The force of Kith's stare drew her attention away from the cedar staff.

“In this light you almost glow, Firehair,” continued the mage. “I always like my works of art to be pretty as well as functional, and I've always been partial to red.”

Kith's eyes were still holding mine. If I hadn't known him so well, I wouldn't have seen his mouth tense when the mage called him Firehair. I wouldn't have
seen
the power that name had over him. It bound him to the mage. I could see the tie, spirit to spirit.

I remembered what Caefawn had told me about names. Kith had a name, given him by earth, air, fire, water, and magic. Given to him by the bloodmage—who was evidently a man of little imagination.
Firehair? My poor Kith
.

I could feel the part of me constrained by the mage's spell. It itched like an infected tooth, and I pushed against it.

“I'm not Moresh,” the mage said. “He didn't know how much of myself I put in each of you.”

He spoke like an artisan—didn't the saddlemaker say that very thing so often it had become a running joke in the village? I paused in my thoughts—hadn't I given part of myself to the creatures I'd commanded? Perhaps Fennigyr meant it literally.

I focused on Kith, trying to see him as I'd seen Wandel while he'd practiced, as I'd seen Kith's ties to the bloodmage a moment ago.

Kith broke into the bloodmage's speech. “What did you do to the girl?”

“She's not your concern,” purred the mage. “One of the things I liked best about you was that you were never quite tamed. Moresh thought it was a weakness. He feared you, did you know? What he couldn't see was that the difference made you better than the others. You're older than any of my other men.” The mage stared sadly at the sky. “Such hard work to make, and so easily destroyed. He didn't see you were more than just a man without a shield arm. I could kill you….”

She
looked at the sky, too, but all we saw was clouds. I needed to see Kith. Or my staff. If I could have spoken, I'd have sworn. I swore to myself anyway, though I continued to struggle with the spell and my fear.

A harsh grunt returned her flittering attention to Kith. He was on his knees, and I could see the veins in his forehead. I could
see
how the mage used his bonds to cause pain.

“…how easy it would be?” asked the mage.
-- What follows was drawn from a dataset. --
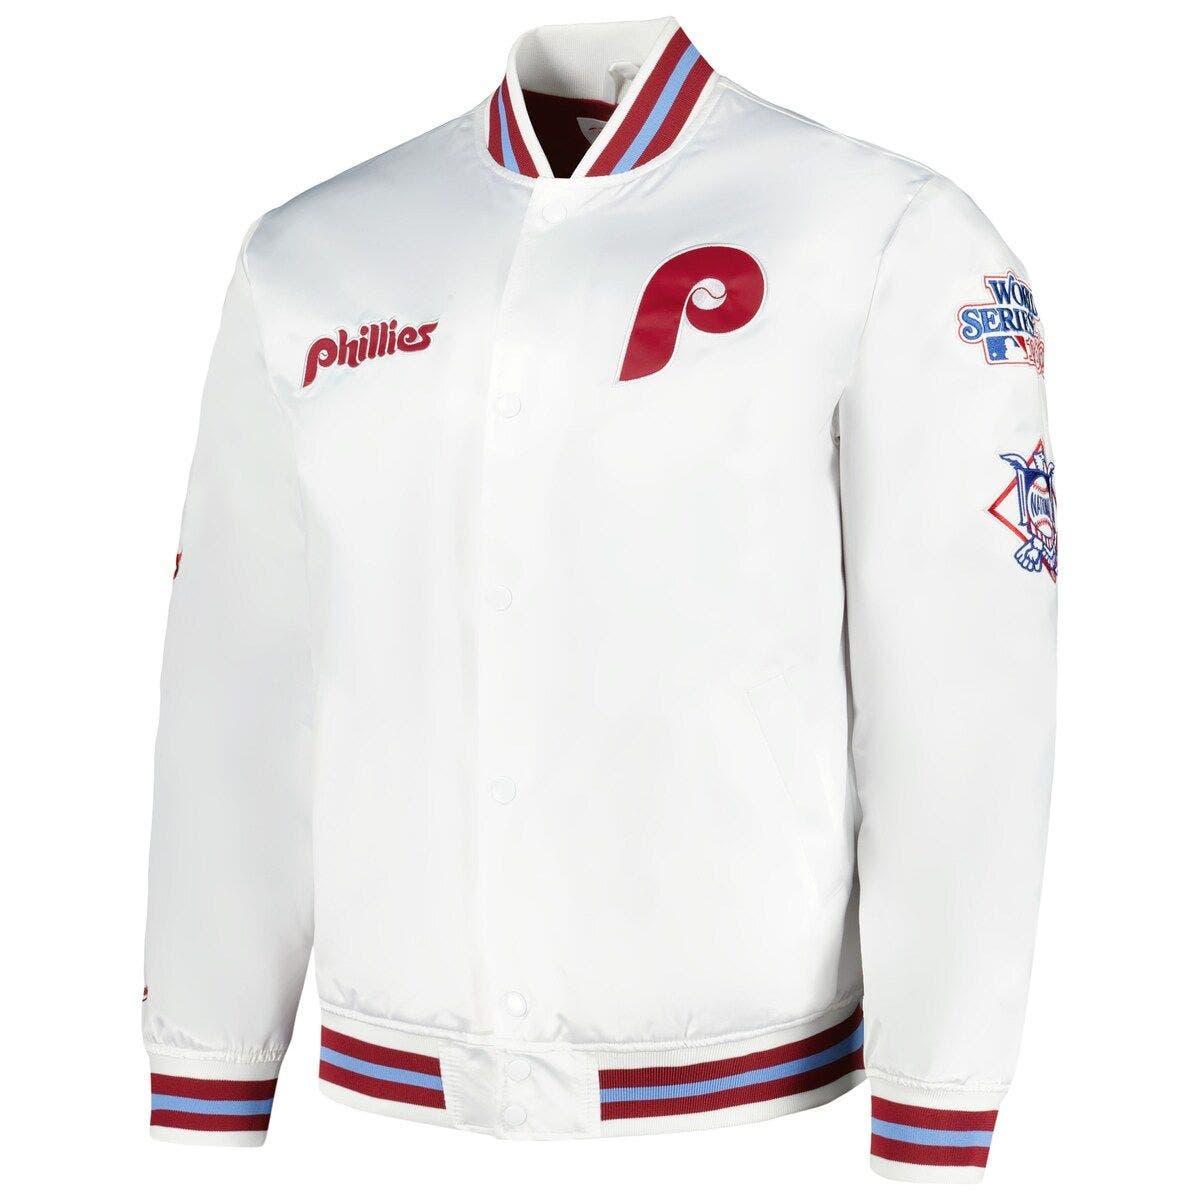 Men's Mitchell & Ness White St. Louis Cardinals City Collection Satin Full-Snap Varsity Jacket Size: Small

He hurt Kith some more.

Kith's fair skin had turned dark red.

I fought; the itch turned to an ache—how strange without a body, and at that moment it turned to outright pain as something tore. I would have screamed if I could. I'd done more damage, but I'd also damaged Fennigyr's control.

I'd freed my magic, too, what little there was of it.

Firehair
, I thought. Holding Kith's real name to me, I
looked
at him. With his name, my spiritsight was much clearer than it had been with the harper. Like Wandel's, Kith's spirit was full of light. If ghosts were a candle, then living spirits were a glass, magnifying the light of the soul. I could see the little bits of foreign spirit tied into his own, and I plucked at them. But when I pulled one away, I had to replace it, because I
saw
I'd damaged Kith. Without those little bits, Kith's spirit would be wounded beyond healing. So I attacked the spirit bond that tied him to Fennigyr instead. It fell apart like a poorly knitted sock, leaving Kith's spirit damaged, but free.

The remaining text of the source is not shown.